2.  Always have the same number of taxonomic levels (separated by semicolons) in the taxonomy mapping file.
3.  The memory requirements can change when alternative files are used.  Additionally memory can be allocated with the --rdp_max_memory parameter when calling assign_taxonomy.py.
4.  Avoid having white space in the taxonomy mapping data.  In the above example taxonomy mapping data, if the first line had an extra space before the class level, an error would be raised.
5.  Avoid empty levels in the taxonomy mapping with double semicolons.  At an unknown taxonomic level, use a consistent naming convention (such as the `s__` listed above for unknown species), rather than leaving a level empty.
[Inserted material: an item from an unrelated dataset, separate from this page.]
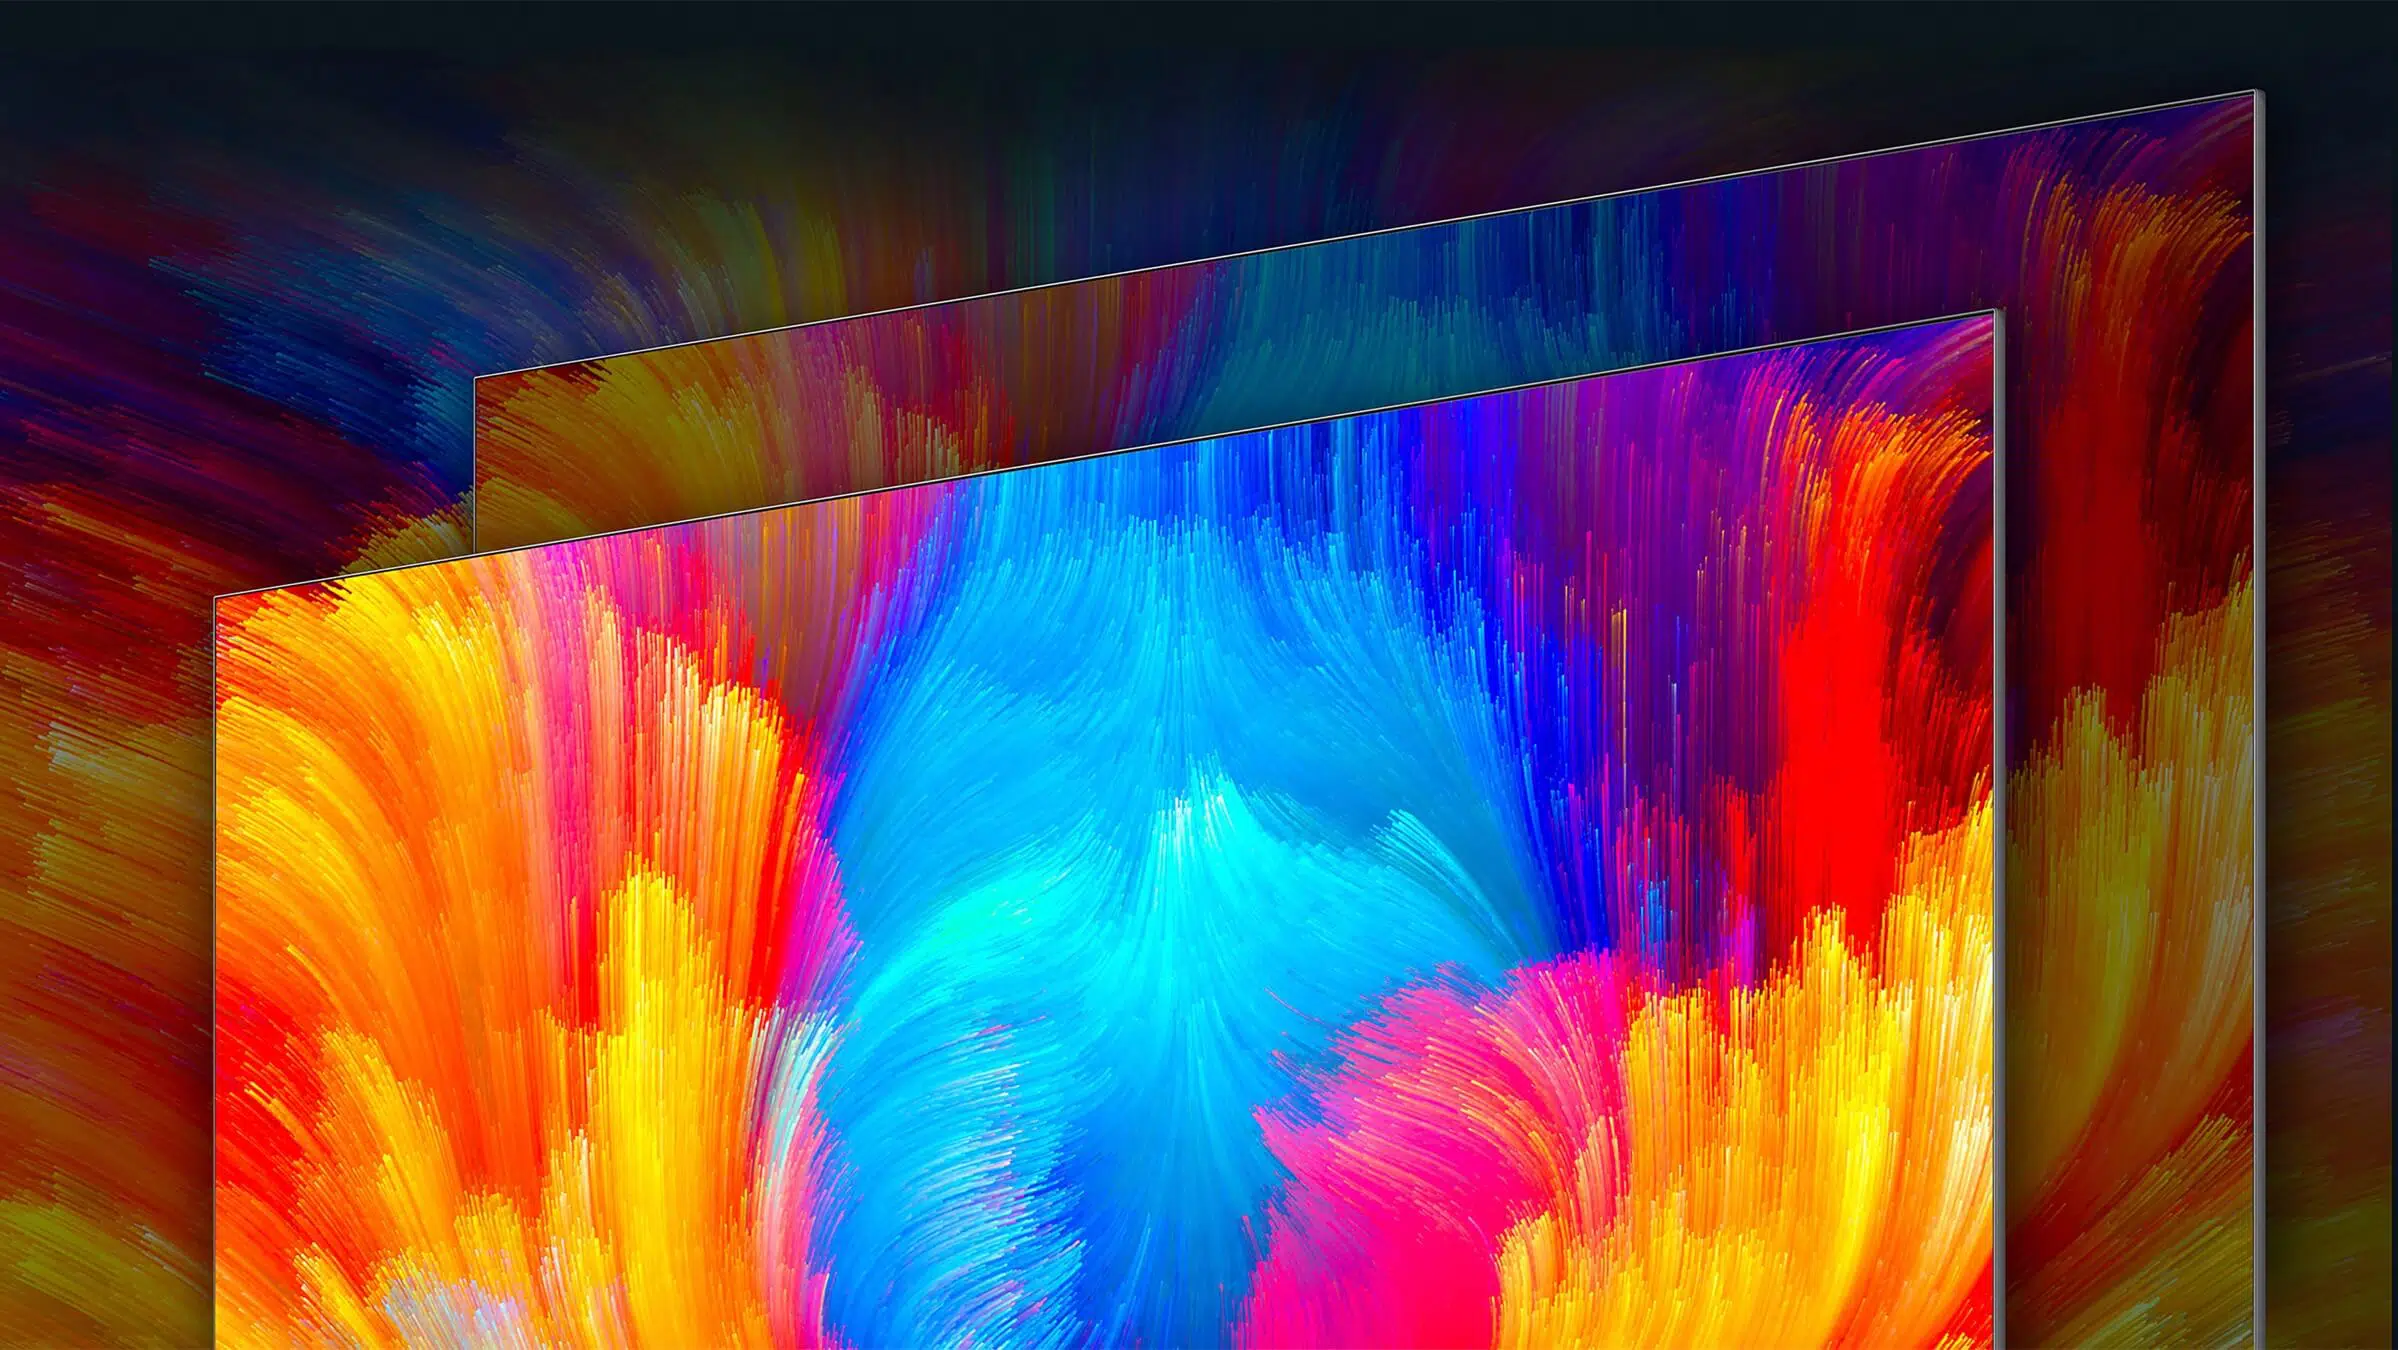 An image showcasing a wide range of vibrant colors, similar to looking through a kaleidoscope, representing the TV's ability to illustrate a wider palette of colors with up to 90% gamut coverage under the DCI-P3 standard.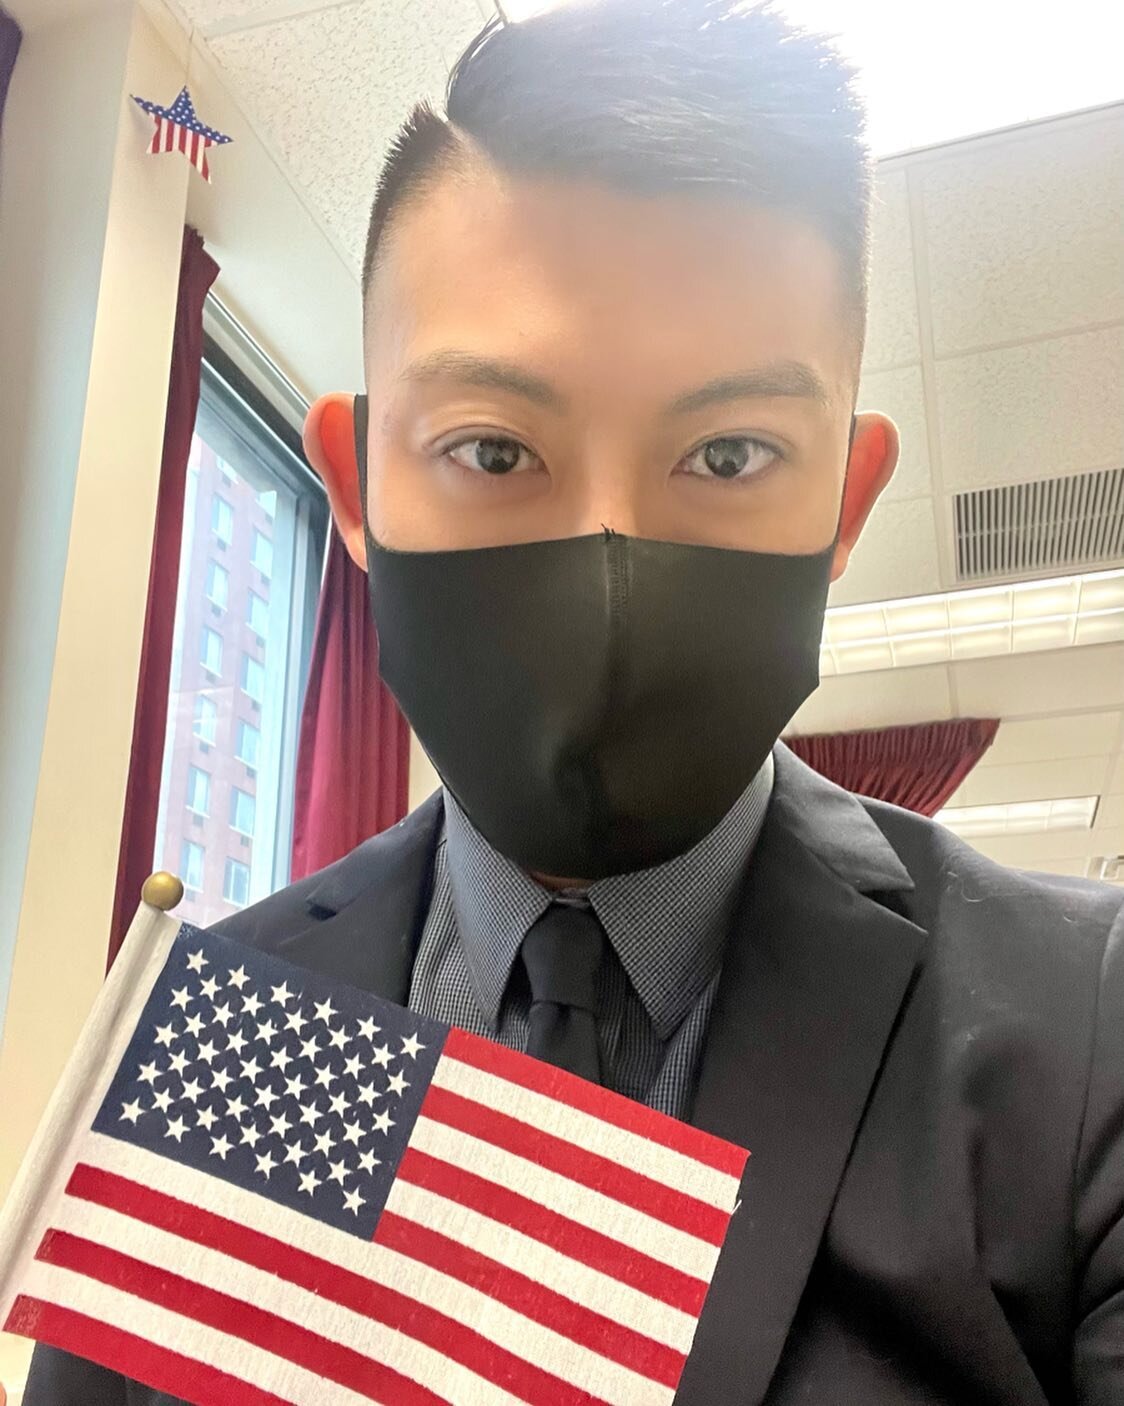 🎂 This year&rsquo;s birthday is extra special because after 18 years in NYC, I&rsquo;m officially an American Citizen! 🇺🇸 Asian-Canadian-American, to be exact 🇭🇰 🇨🇦 🇺🇸. This country is indeed the land of dreams, and my life has surpassed eve

6.  Used consistent capitalization.  For instance, do not have one class level named c__Gammaproteobacteria and another named c__gammaproteobacteria, as these would be considered distinct taxonomies.
7.  Reference sequences should be unaligned (no gap or leading/trailing characters such as . or -) with nucleotide characters only.
8.  As the exact line causing an error is sometimes difficult to detect, it may be advisable to break apart the taxonomy mapping file and reference sequences into smaller subsets to determine which part(s) are causing error(s).